Мне трудно определить жанр этих заметок. Размышления? В какой-то степени. Рассказы? Тоже в какой-то степени. Все ситуации и люди не придуманы, лишь имена изменены. И то не всегда. На путях поисков к взаимопониманию между народами много непонятного и непонятого, ибо мы и они очень разные. И все же они и мы — люди, живущие в одном земном доме.

«ИЗВИНИТЕ», «БУДЬТЕ ЛЮБЕЗНЫ»...

Слово человеческое — богатейшая кладовая. Сколько в одном коротком слове самых различных оттенков, интонаций, значений! Наши придорожные плакаты, так называемая «наглядная агитация», куда ни посмотришь, предлагают полюбоваться словом «МИР». Любуюсь и думаю: в каком смысле, в каком из четырех значений? Мир как Вселенная? Мир как Земля? Мир как человеческая общность: «всем миром порешили»? Или же мир как состояние этой общности? Разумеется, плакаты имеют в виду последнее, но мысль невольно отталкивается от одного значения и стремится объединить все вместе. Земной мир велик и мал — как посмотреть и с чем сравнить. Если со Вселенной— капля океана. Если с клочком почвы, где умещаются две стопы, то необъятен. Но какие разные и похожие миры в нас, людях!

Часто думаю я о двух окошках вокзальной кассы.

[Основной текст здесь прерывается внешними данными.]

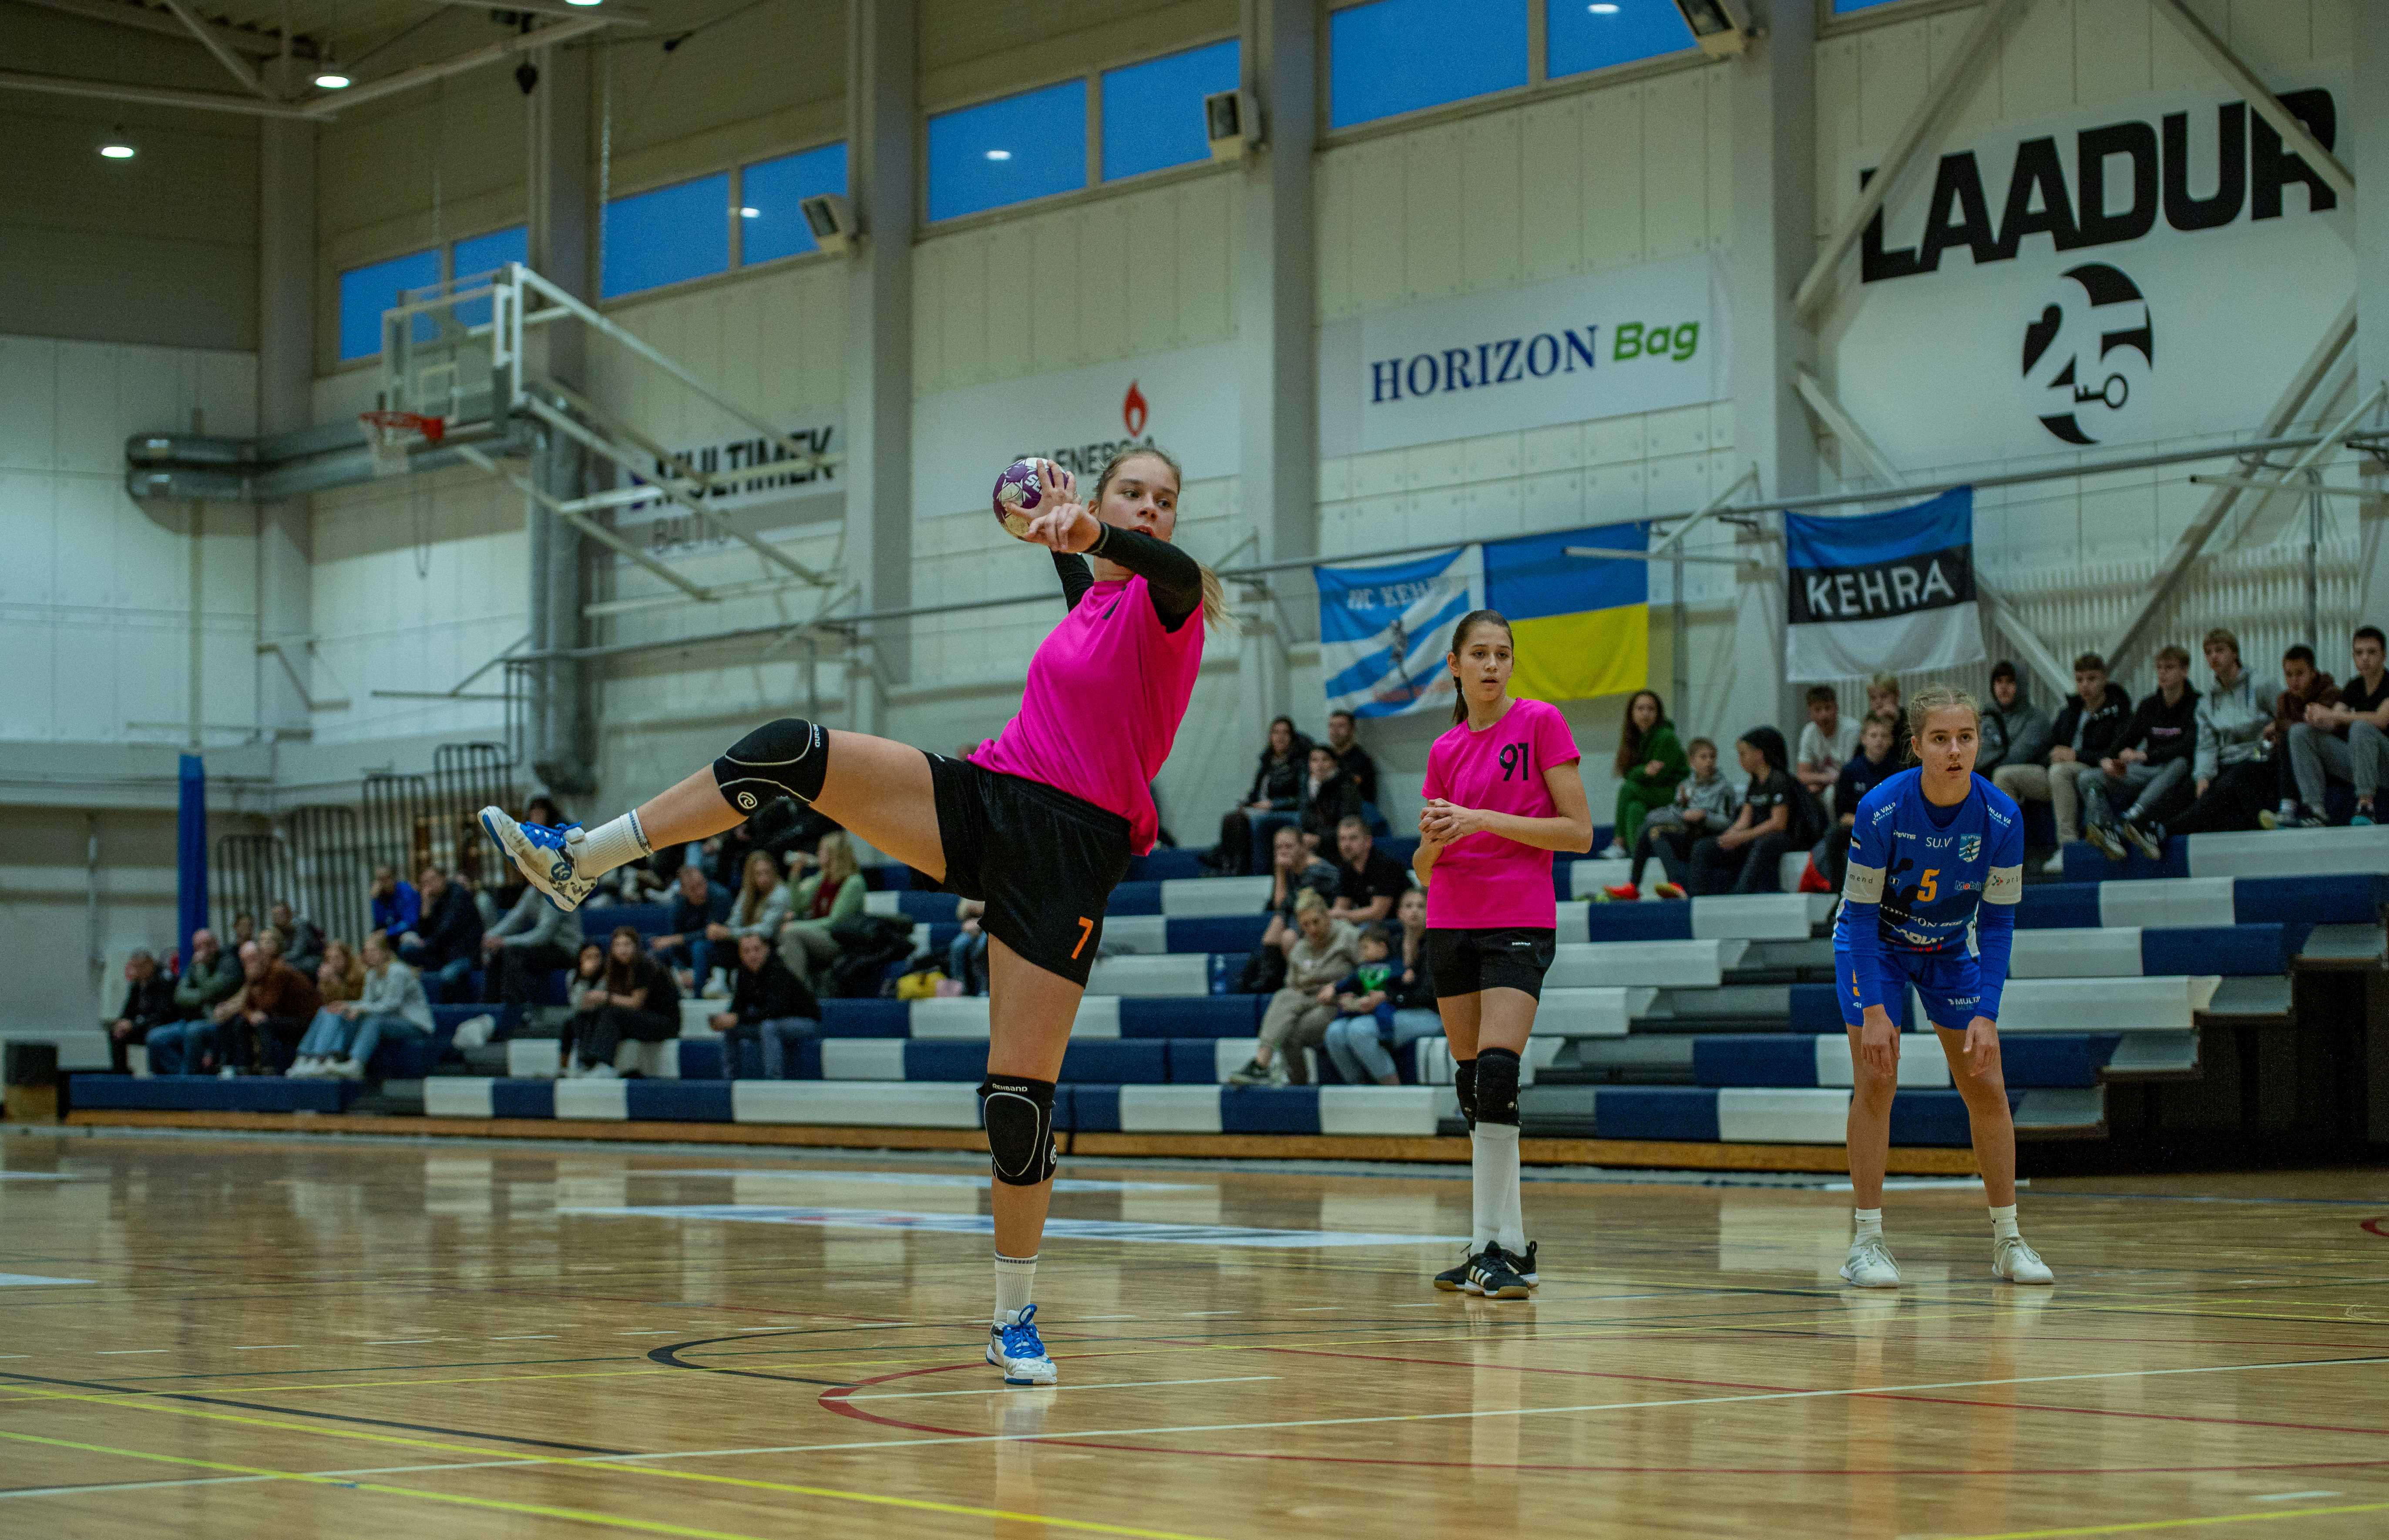 Nädalavahetusel selgub Kehras tütarlaste B vanuseklassi meister 2024 Eesti meistrivõistlustel käsipallis
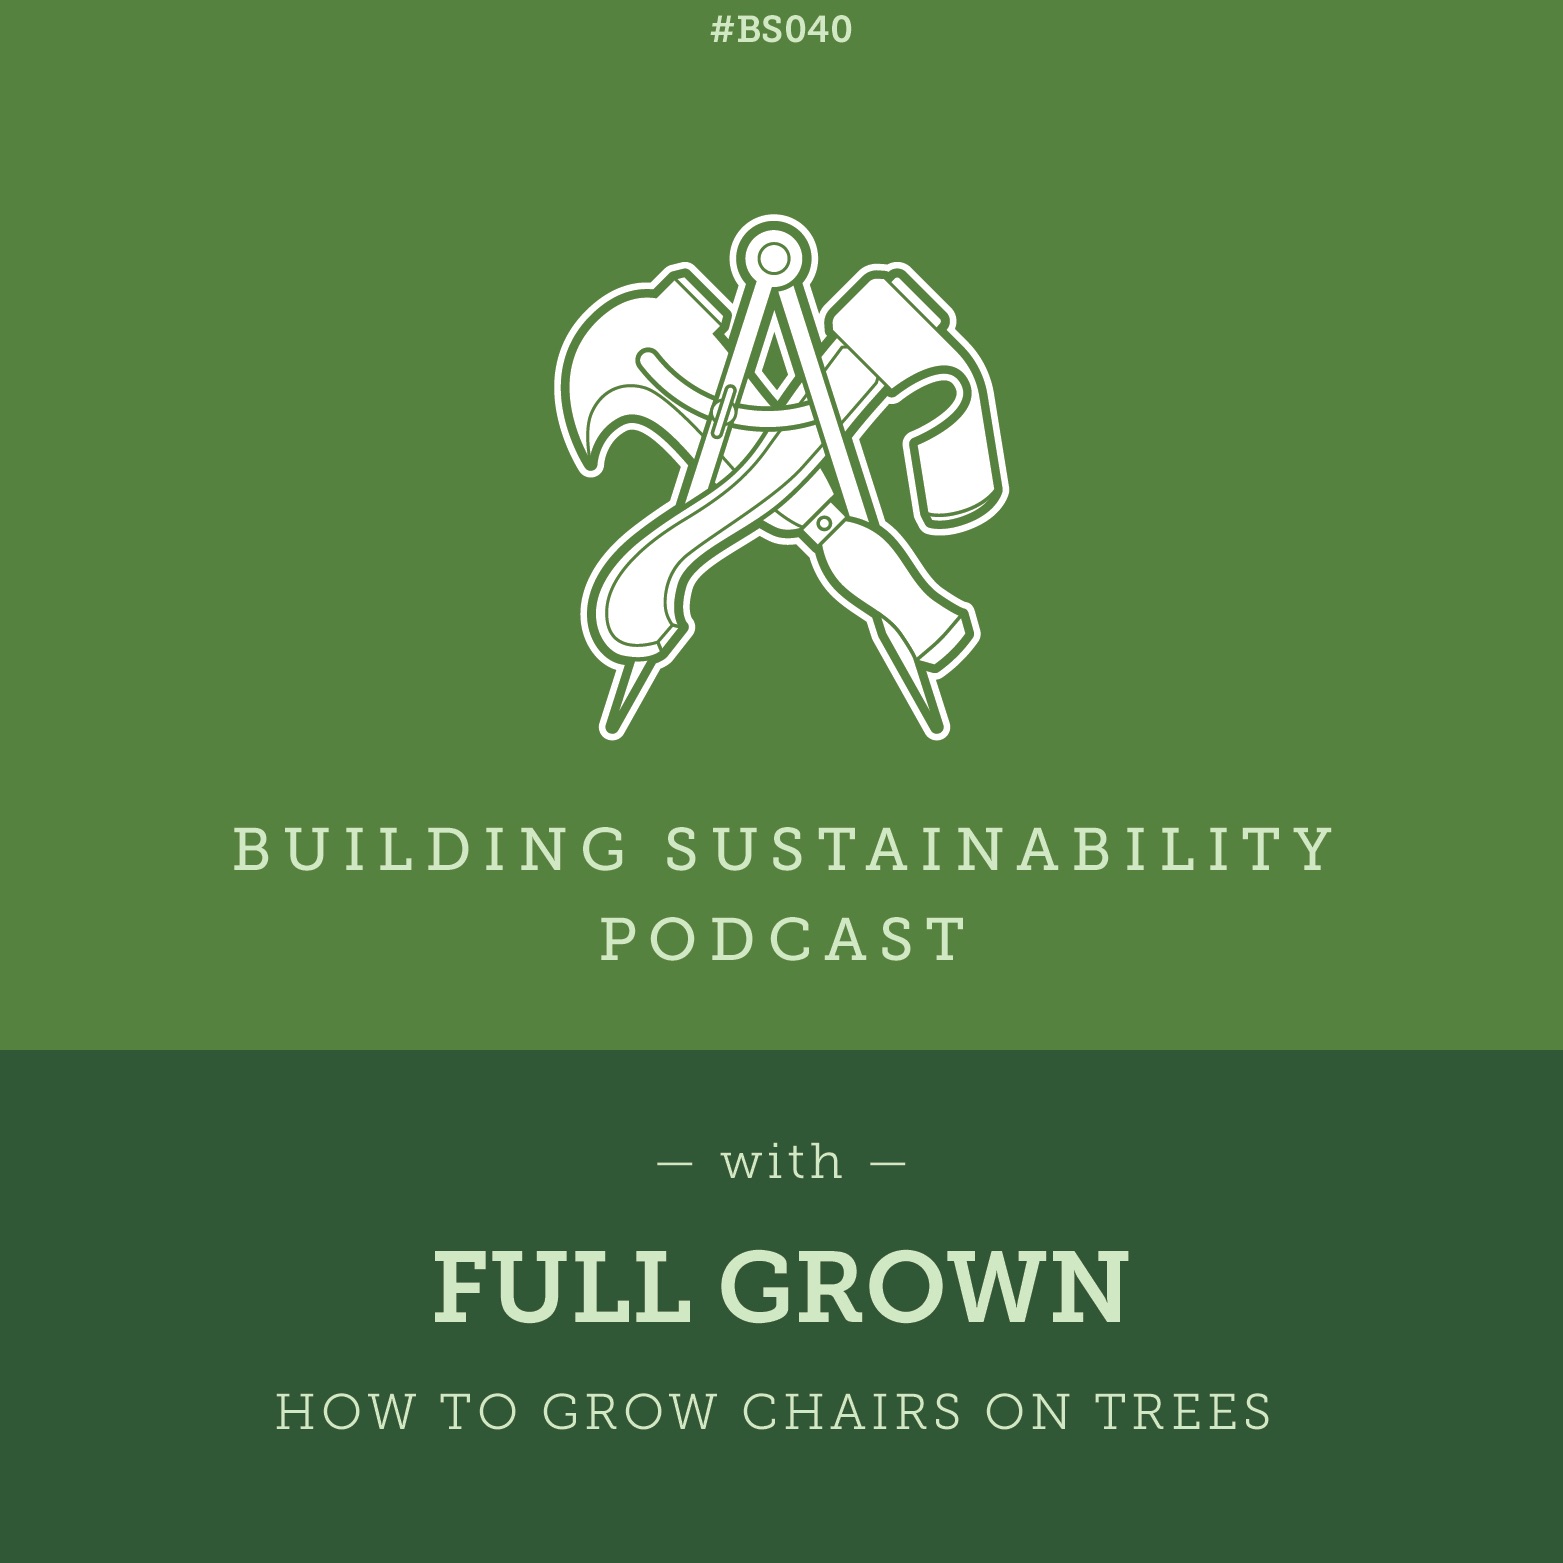 Building Sustainability podcast image

Окошко, скажем, на Курском вокзале в Москве и окошко на вокзале Юстон, в Лондоне. Начну с Москвы.

Подходит ваша очередь, и вы с ужасом узнаете, что последний билет на нужный вам поезд продан. Вы начинаете жалобно просить, просить, просить — бесполезно. Вы нервничаете, повышаете голос и сами не замечаете, как кричите, требуете! В ответ из окошка несется достойная ваших криков брань. Очередь сзади включается в ссору. Слышны возгласы: «Безобразие! Хулиганство! Не задерживайте! Вам же сказали, что билетов нет!»

Вы разрываетесь между окошком и очередью, огрызаясь в ту и другую сторону. Наконец, это нередко бывает, кассирша сдается, откуда-то из-под бумаг достает желанный билет, и вы, как корабль после бури, с оборванными парусами — нервами, покачиваясь от усталости, отчаливаете от оконной пристани.

Из окошка на вокзале Юстон в той же ситуации на вас смотрят нежно-сочувствующие, внимательные глаза кассирши. Она говорит, что крайне сожалеет, извиняется, но билетов нет. Правда, она обещает что-нибудь сделать специально для вас. Долго звонит куда-то, объясняет, получает отказы, опять звонит, объясняет.

Время отстукивает минуты. Очередь за вашей спиной молча, терпеливо ждет, ничем не выдавая своего беспокойства. После пятнадцатиминутных телефонных поисков кассирша сообщает вам, что на сегодня, увы, нет ни одного билета, но она может продать билет на завтра, очень удобное место, у окна. (Вам, заметьте, необходимо уехать именно сегодня.) Вы отчаливаете от оконной пристани, унося в руках билет на завтра, а в памяти ласковую улыбку кассирши и молчаливое сочувствие облегченно вздохнувшей очереди, уходите, в сущности, без результата.

Разница? Немалая. В первом случае вы получили желаемое, но какой ценой! Во втором — не получили, но вроде бы и не очень расстраиваетесь: слишком уж хорошо и доброжелательно обошлись с вами. Что лучше?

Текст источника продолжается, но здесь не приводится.